:: Work to be completed ::
Every line of the data below is to be duplicated exactly, pictures excepted.

:: Information provided ::
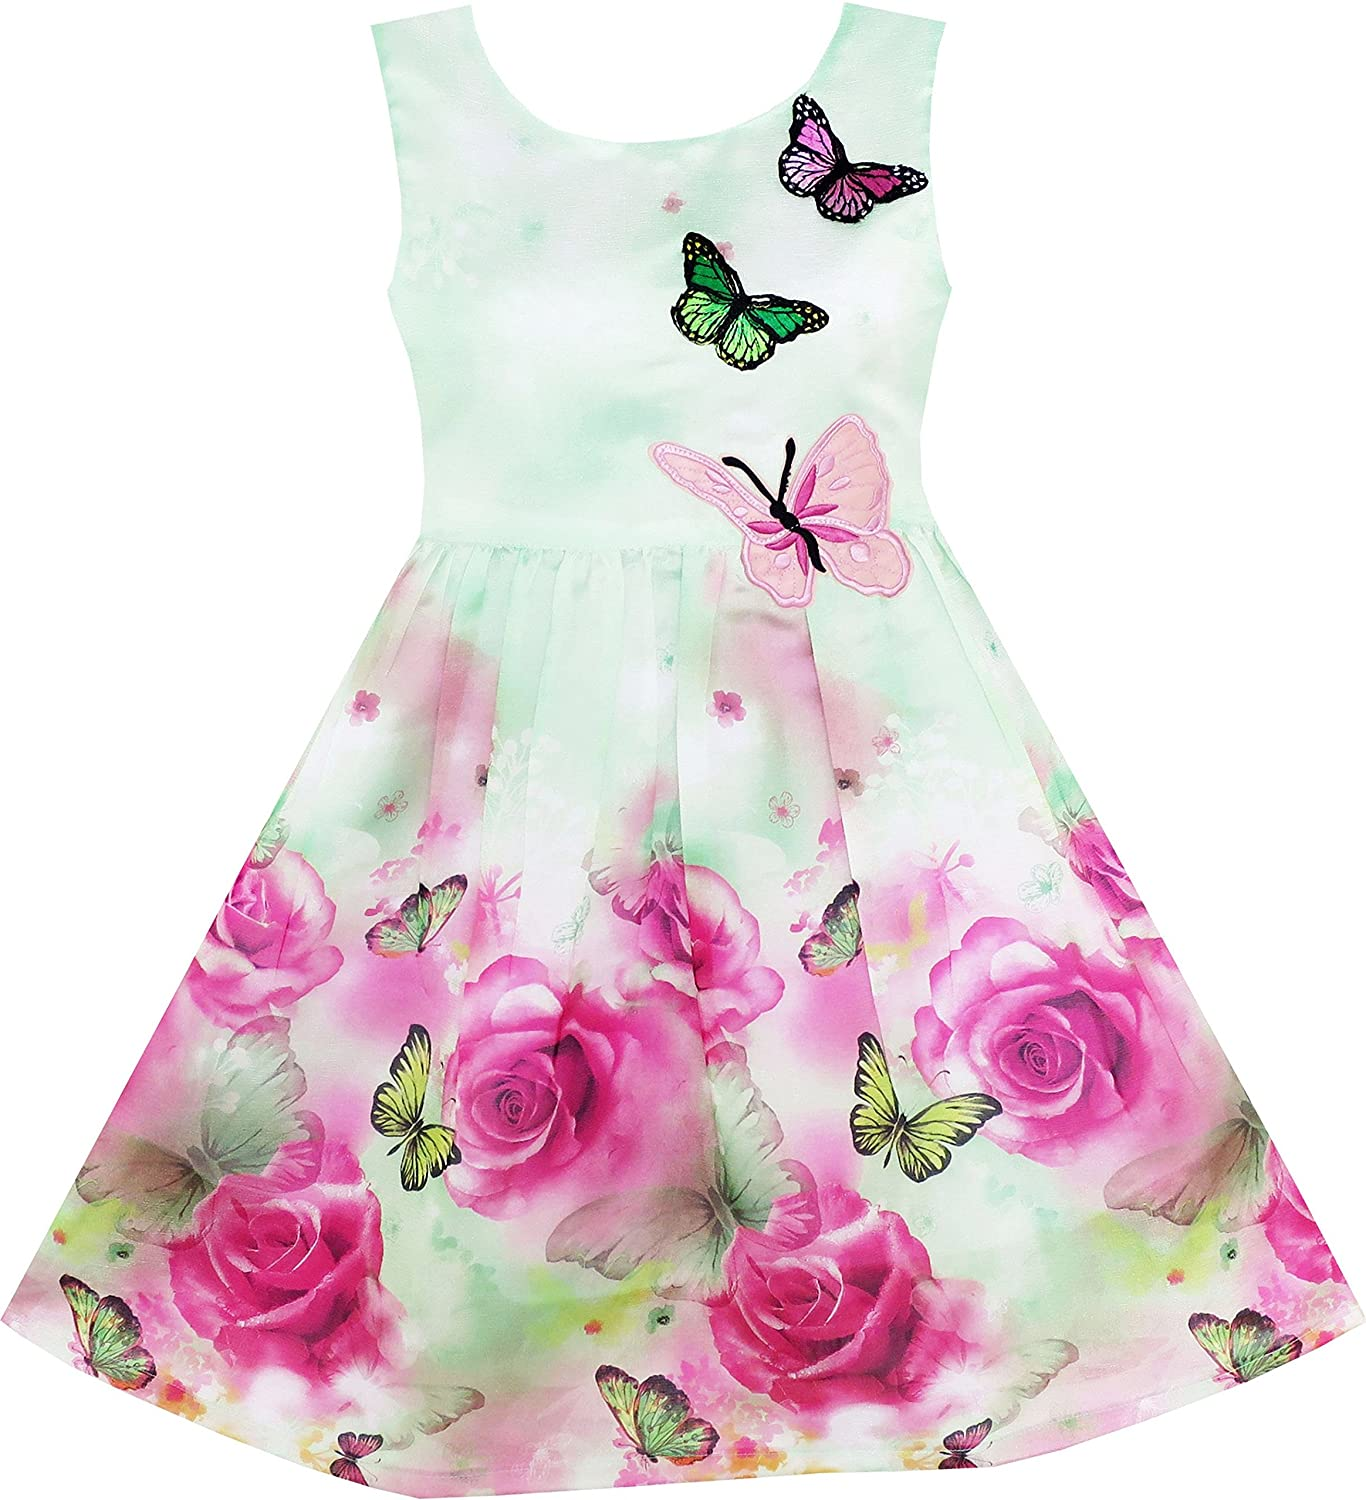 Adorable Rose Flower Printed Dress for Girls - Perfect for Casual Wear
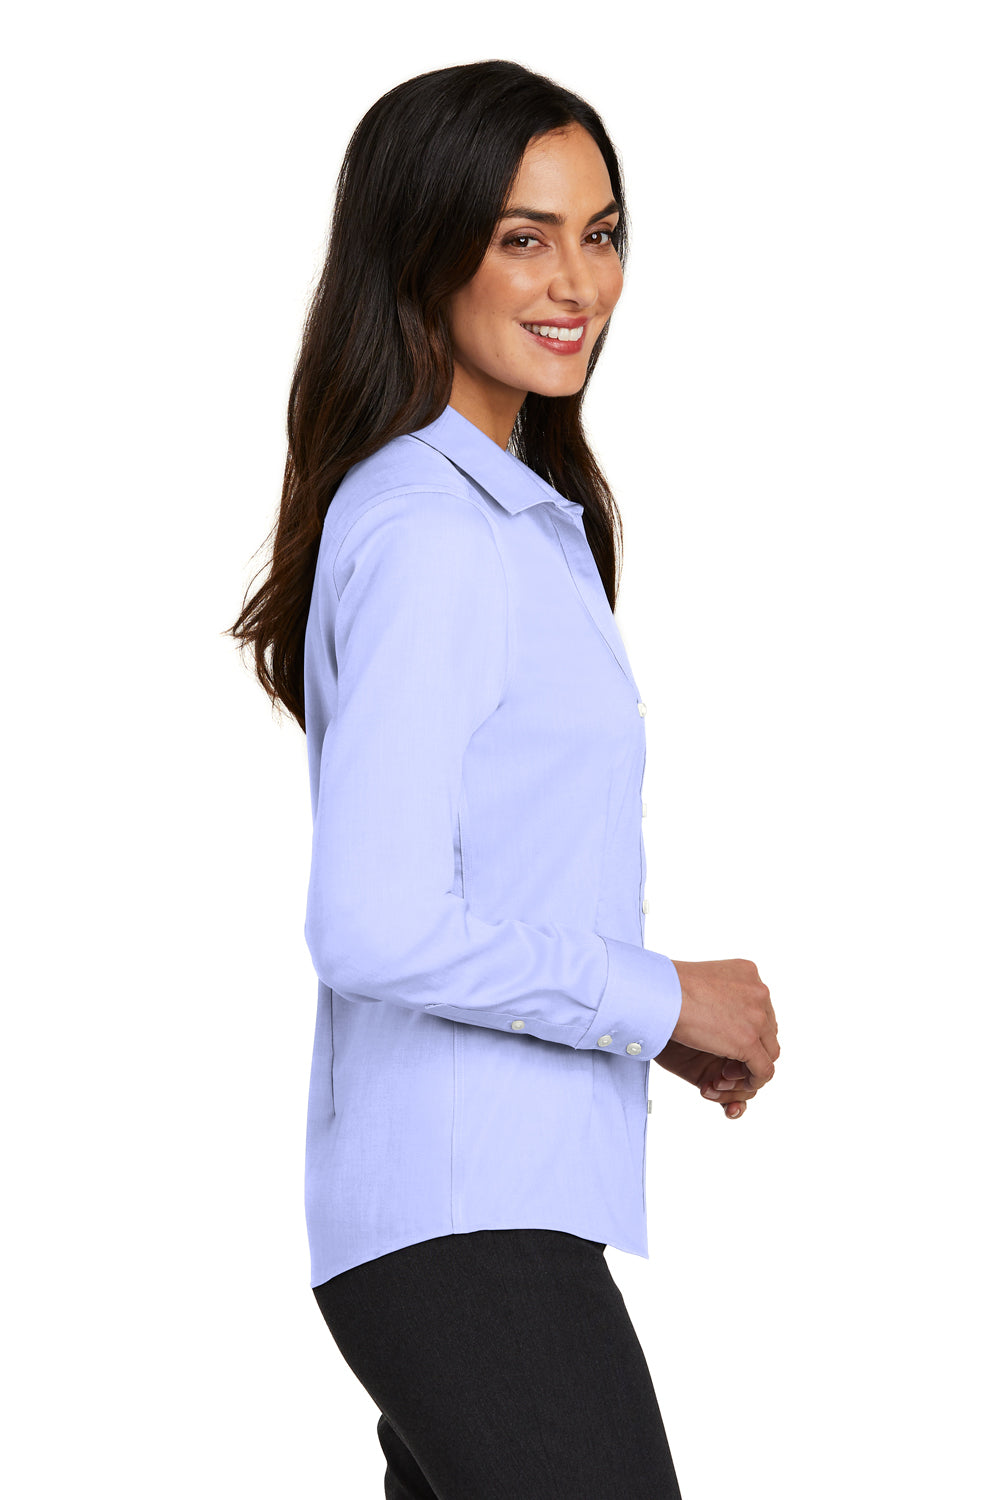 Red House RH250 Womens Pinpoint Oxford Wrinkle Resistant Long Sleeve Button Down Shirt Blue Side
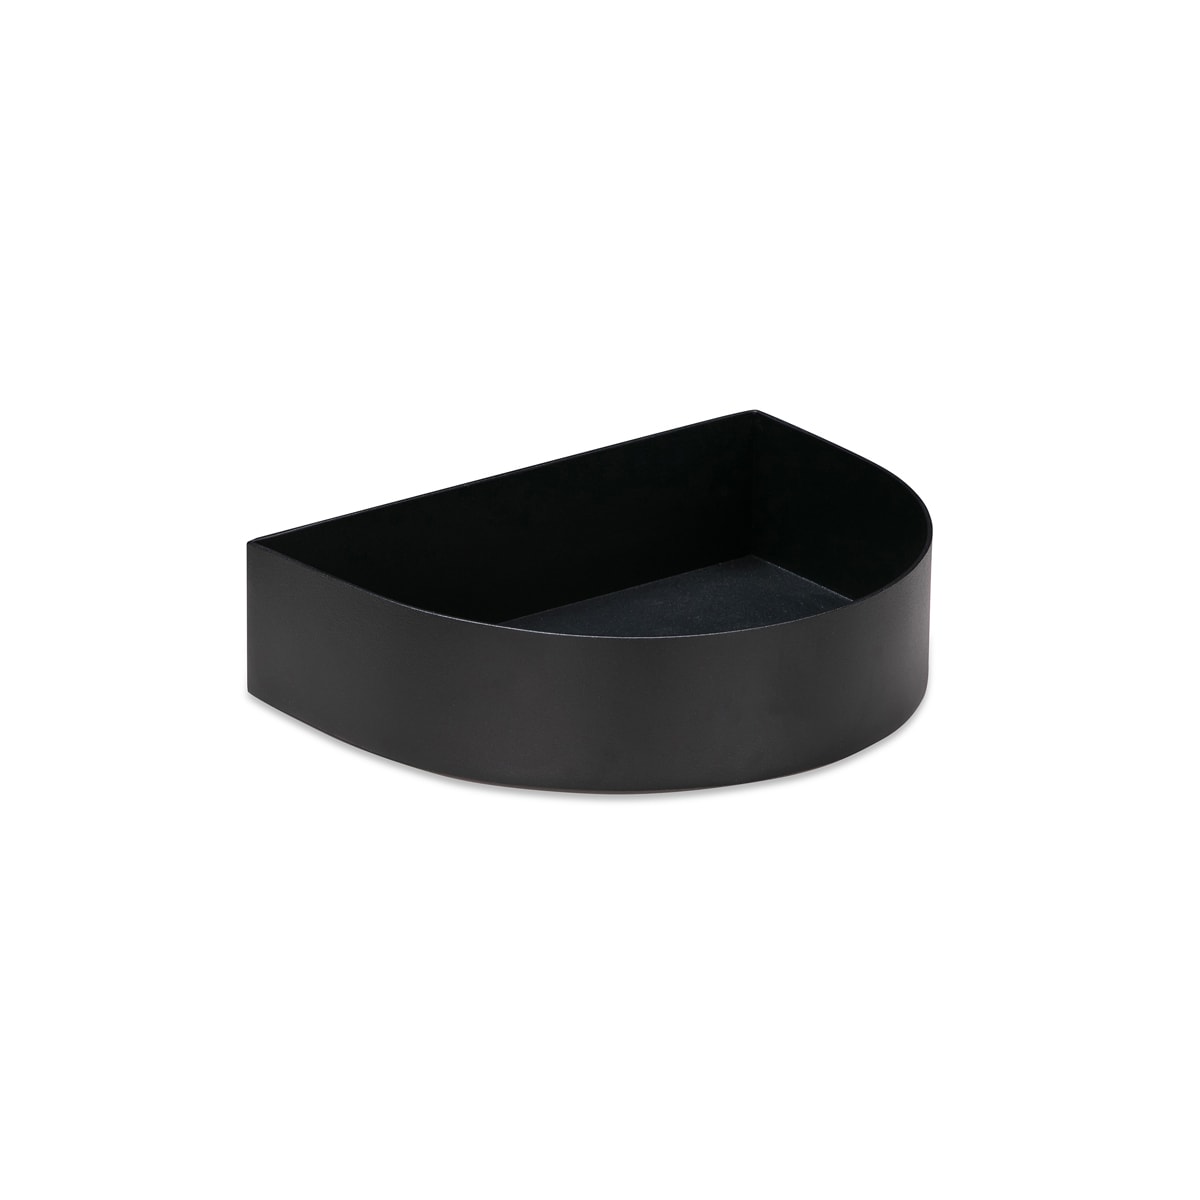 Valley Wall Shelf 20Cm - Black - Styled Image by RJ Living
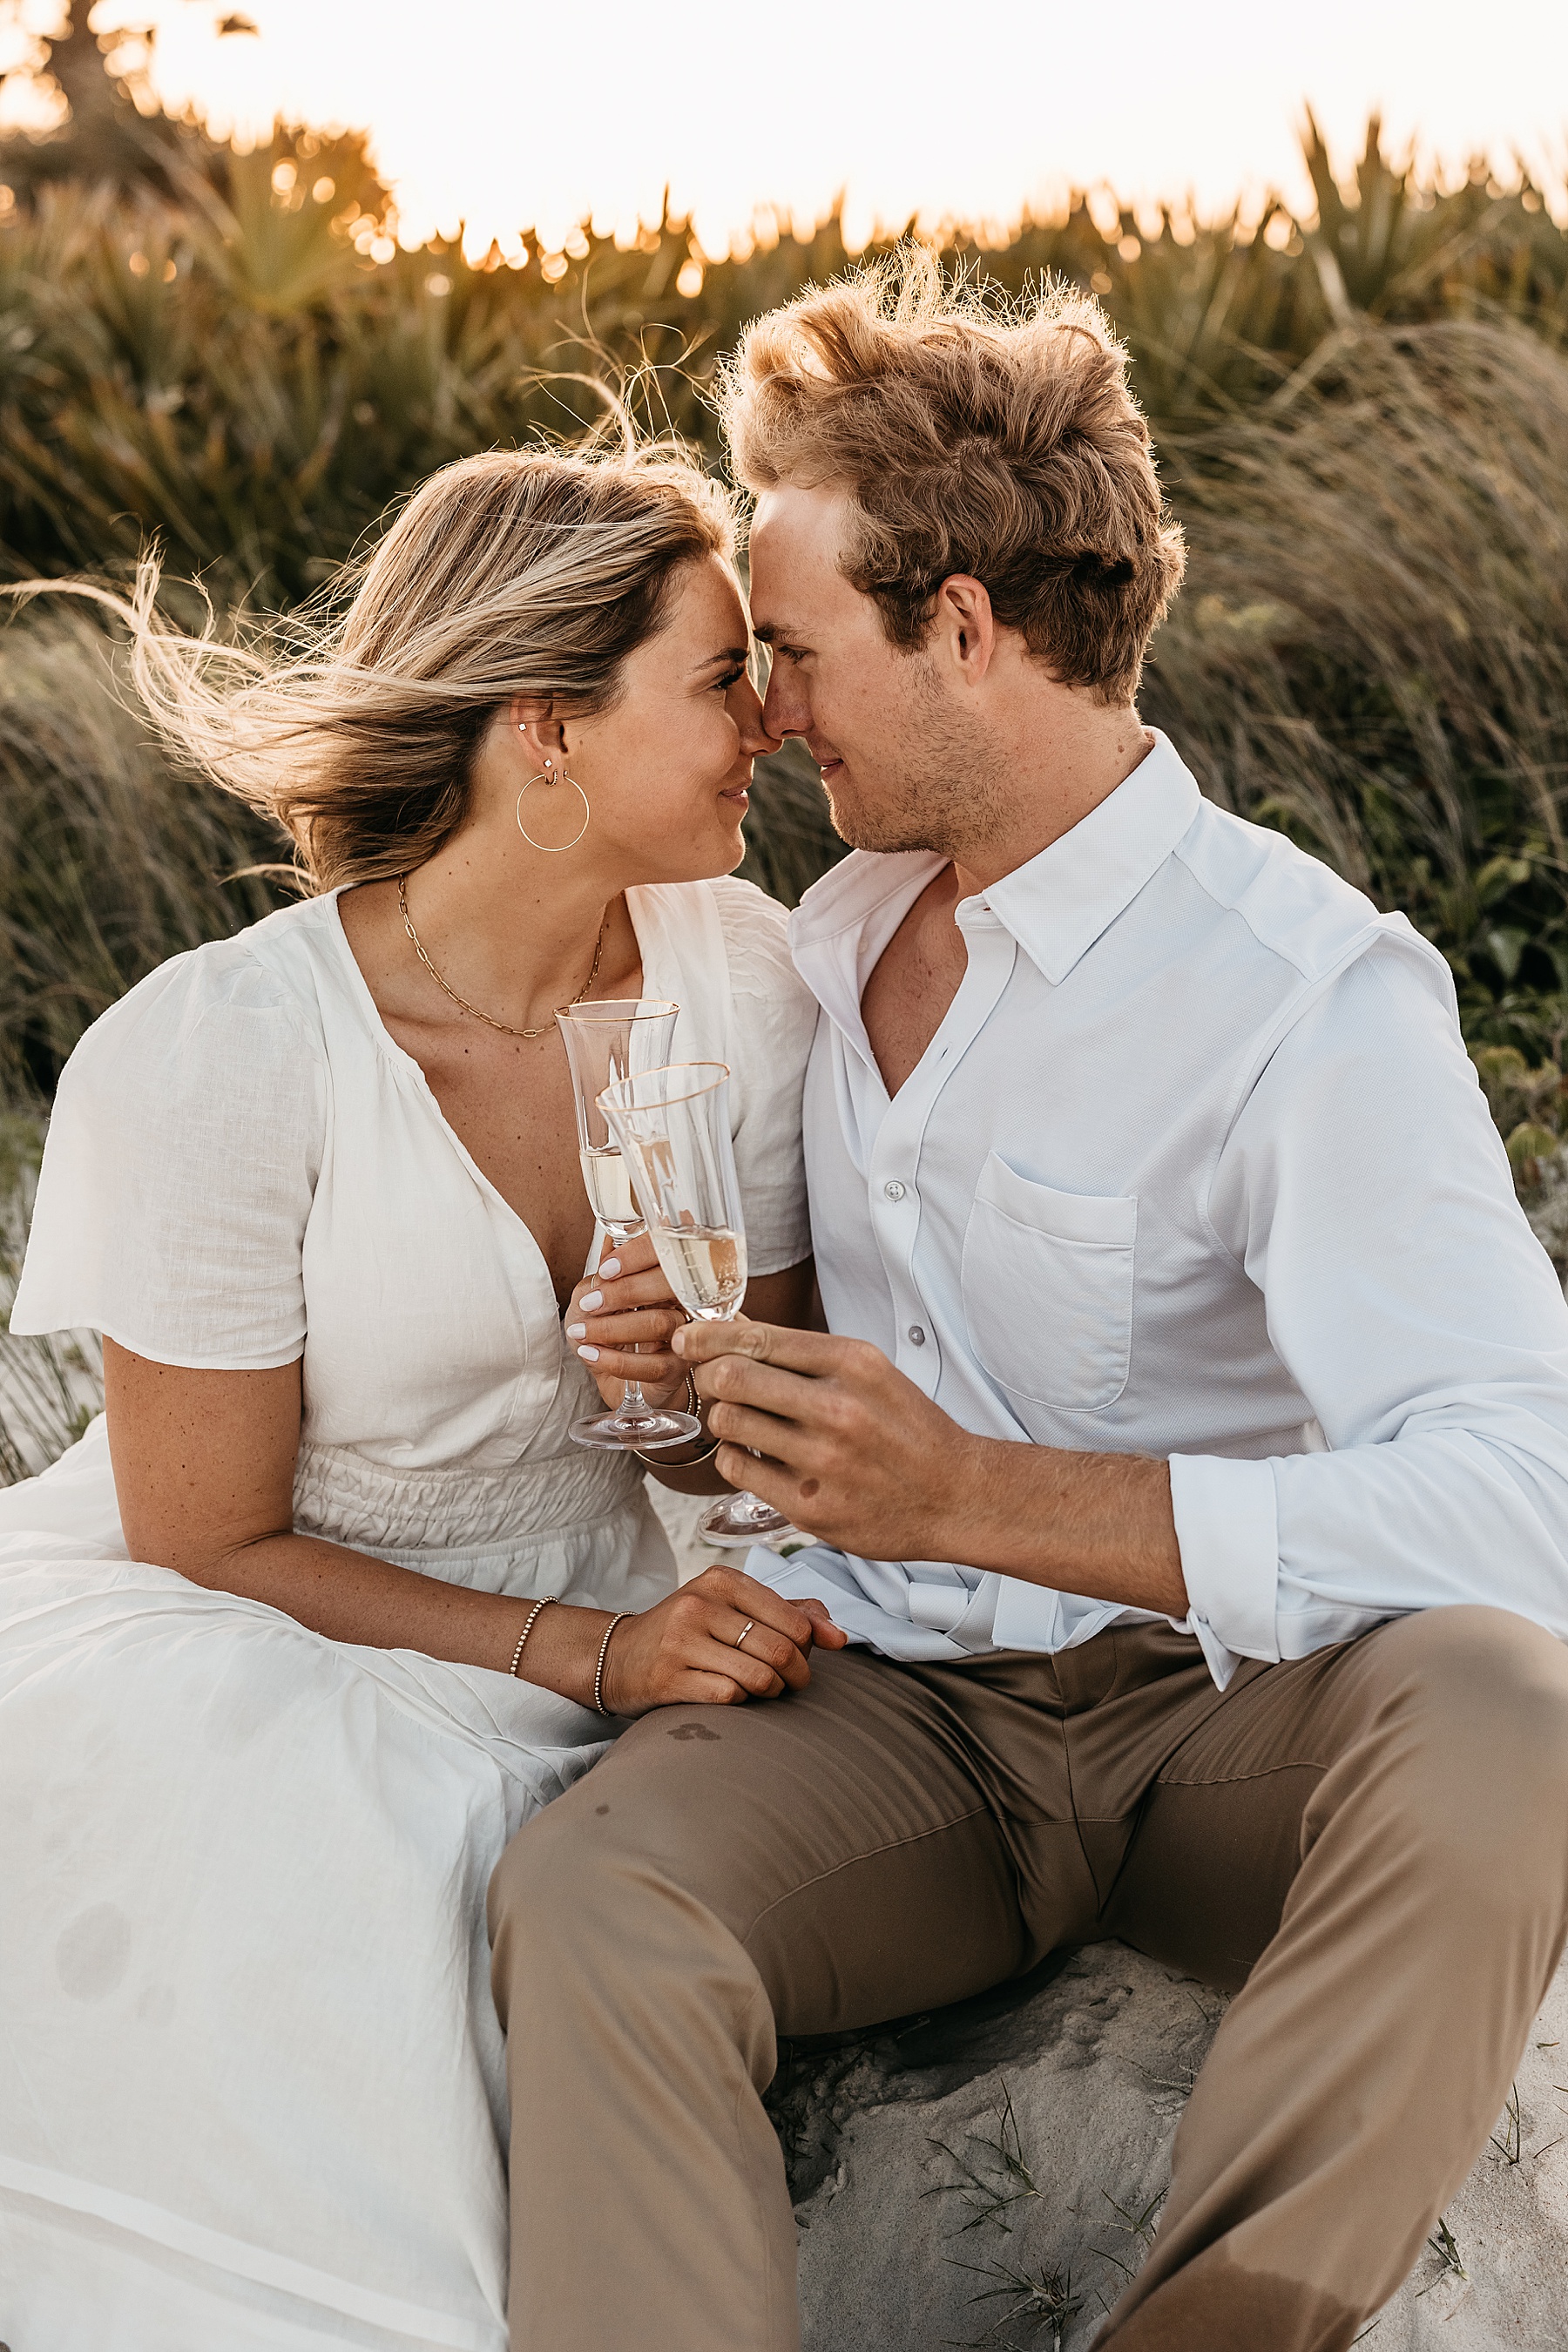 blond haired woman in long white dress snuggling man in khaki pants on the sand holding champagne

:: Solution to this task ::
 Adorable Rose Flower Printed Dress for Girls - Perfect for Casual Wear
 Red House RH250 Womens Pinpoint Oxford Wrinkle Resistant Long Sleeve Button Down Shirt Blue Side
 Valley Wall Shelf 20Cm - Black - Styled Image by RJ Living
 blond haired woman in long white dress snuggling man in khaki pants on the sand holding champagne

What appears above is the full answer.